• _What you need to do_: When you write out the listing, keep every character and omit the pictures.

• _Dataset content_:
□ □ □ □ □

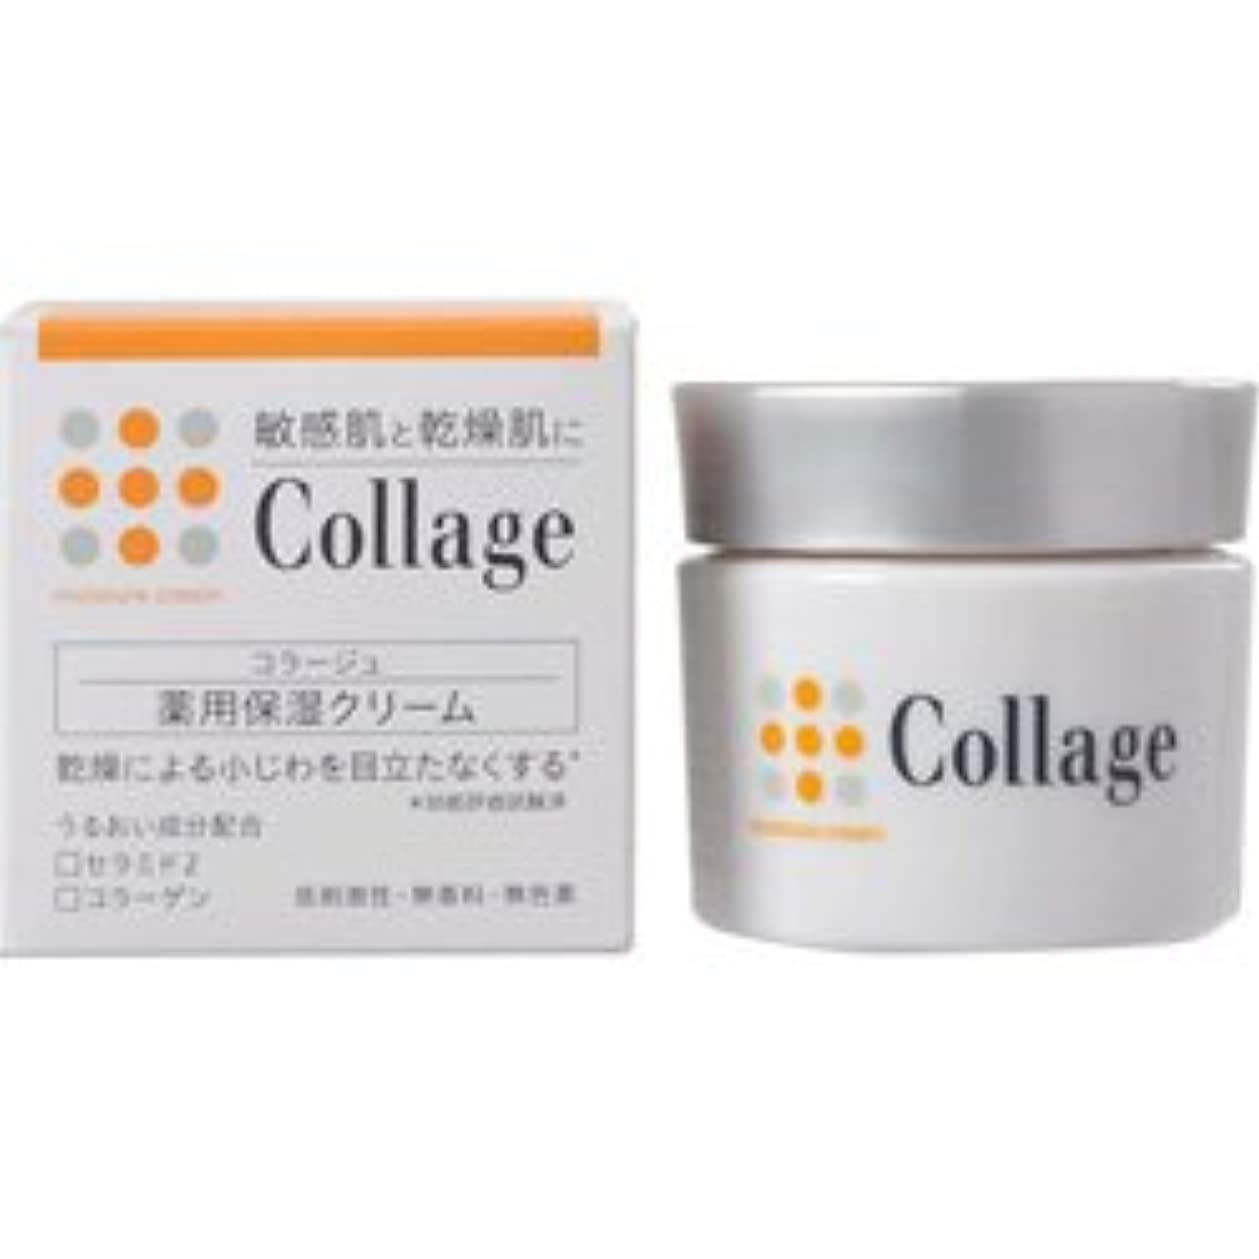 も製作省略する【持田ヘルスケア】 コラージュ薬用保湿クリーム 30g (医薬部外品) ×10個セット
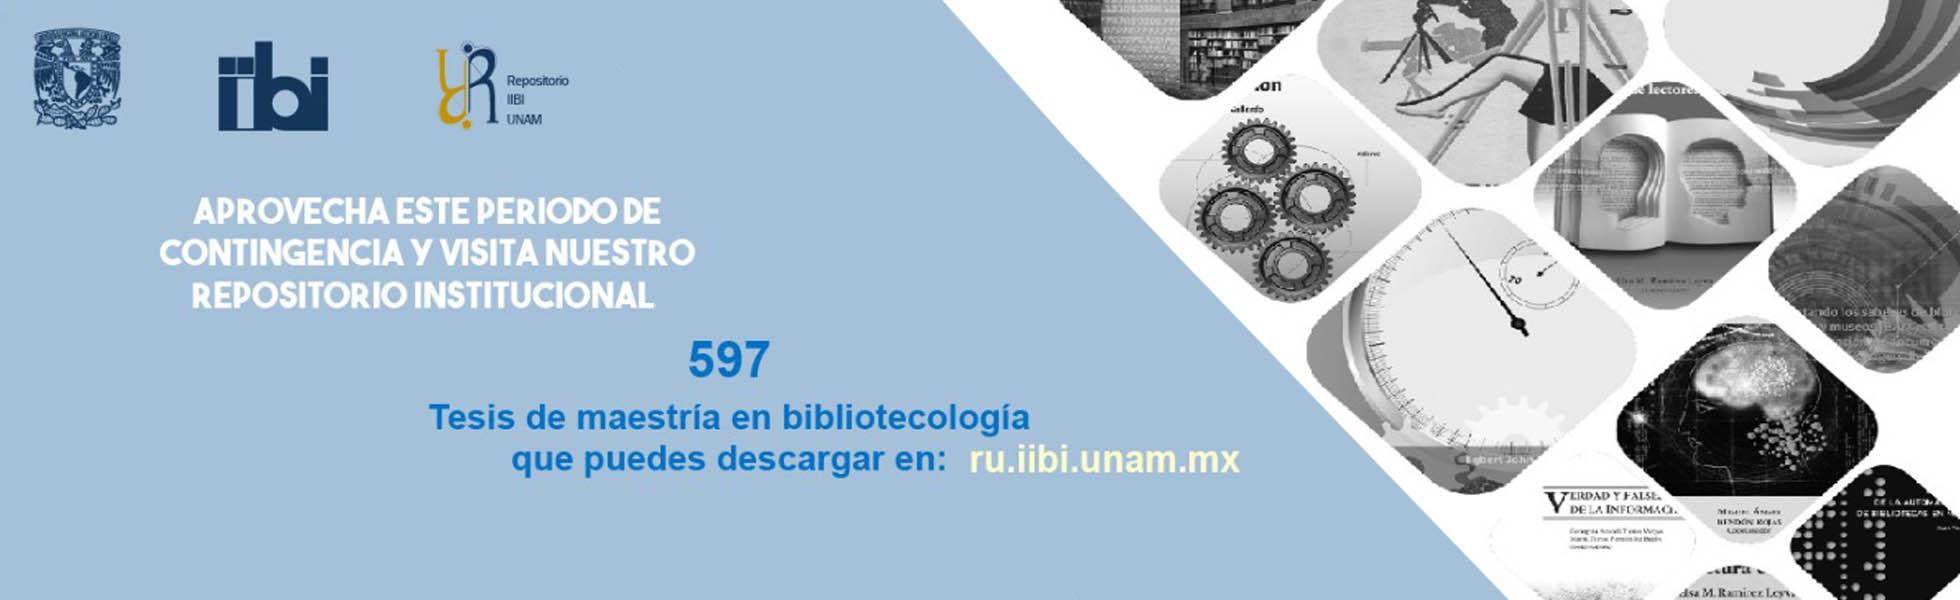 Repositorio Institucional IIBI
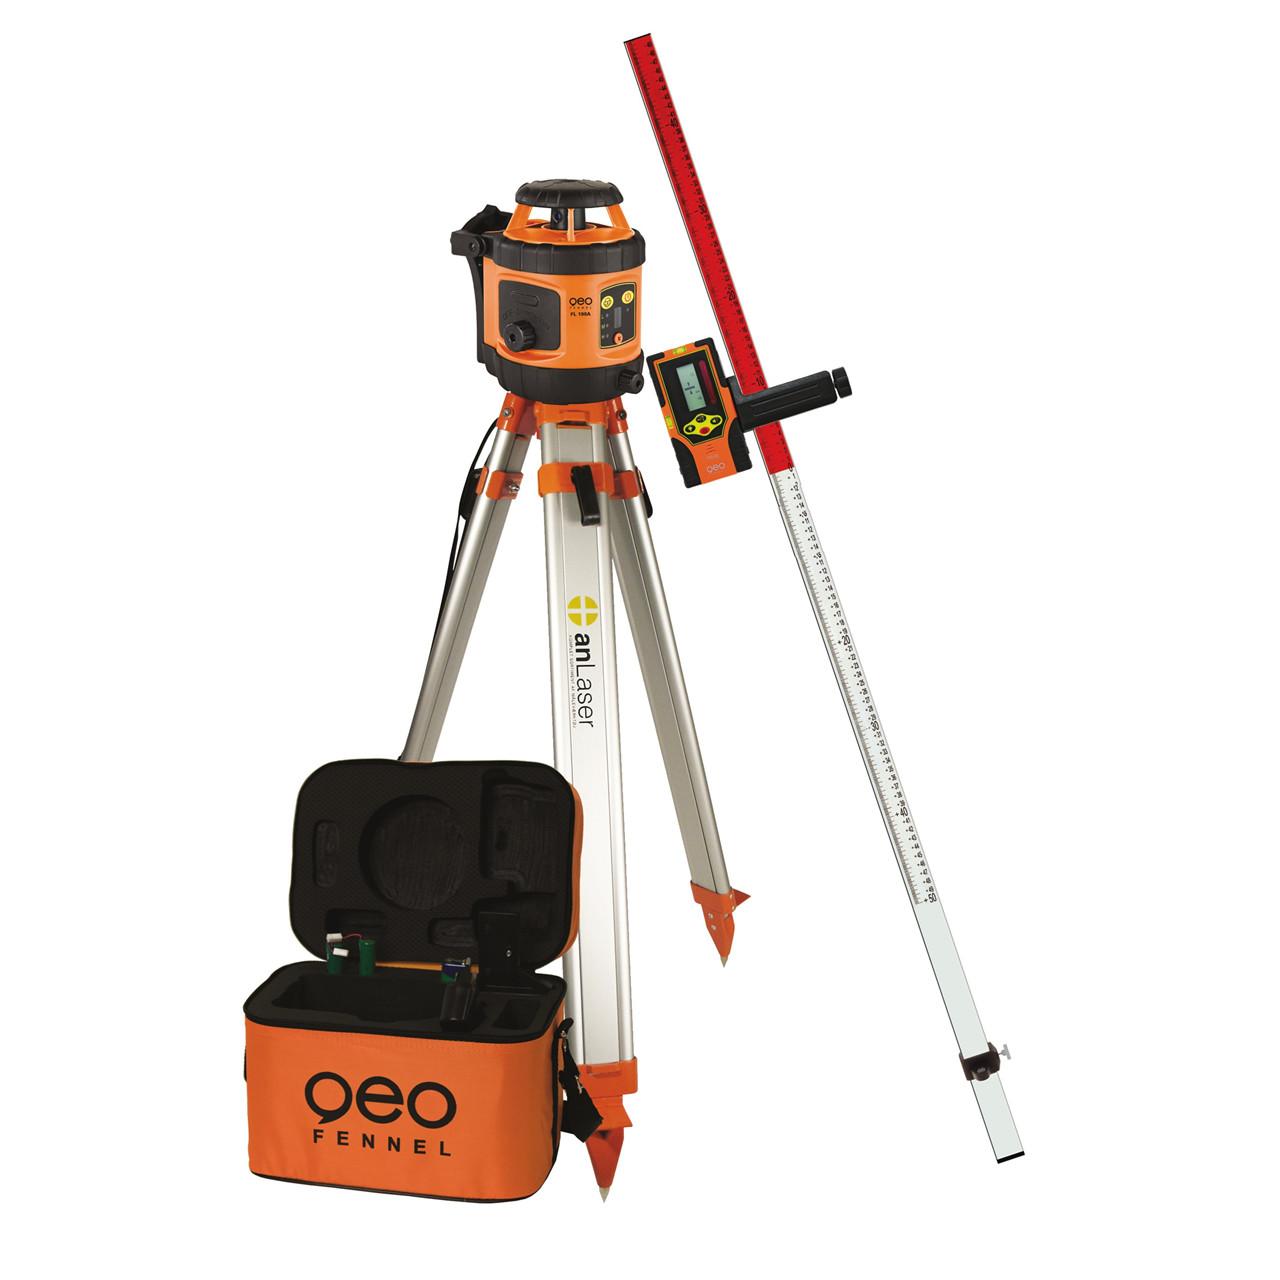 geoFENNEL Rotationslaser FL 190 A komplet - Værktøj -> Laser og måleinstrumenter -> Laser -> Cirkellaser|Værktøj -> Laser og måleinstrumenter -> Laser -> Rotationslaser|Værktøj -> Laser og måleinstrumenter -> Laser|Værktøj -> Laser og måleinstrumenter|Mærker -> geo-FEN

□ □ □ □ □

• _Output for this exercise_:
 も製作省略する【持田ヘルスケア】 コラージュ薬用保湿クリーム 30g (医薬部外品) ×10個セット
 Repositorio Institucional IIBI
 geoFENNEL Rotationslaser FL 190 A komplet - Værktøj -> Laser og måleinstrumenter -> Laser -> Cirkellaser|Værktøj -> Laser og måleinstrumenter -> Laser -> Rotationslaser|Værktøj -> Laser og måleinstrumenter -> Laser|Værktøj -> Laser og måleinstrumenter|Mærker -> geo-FEN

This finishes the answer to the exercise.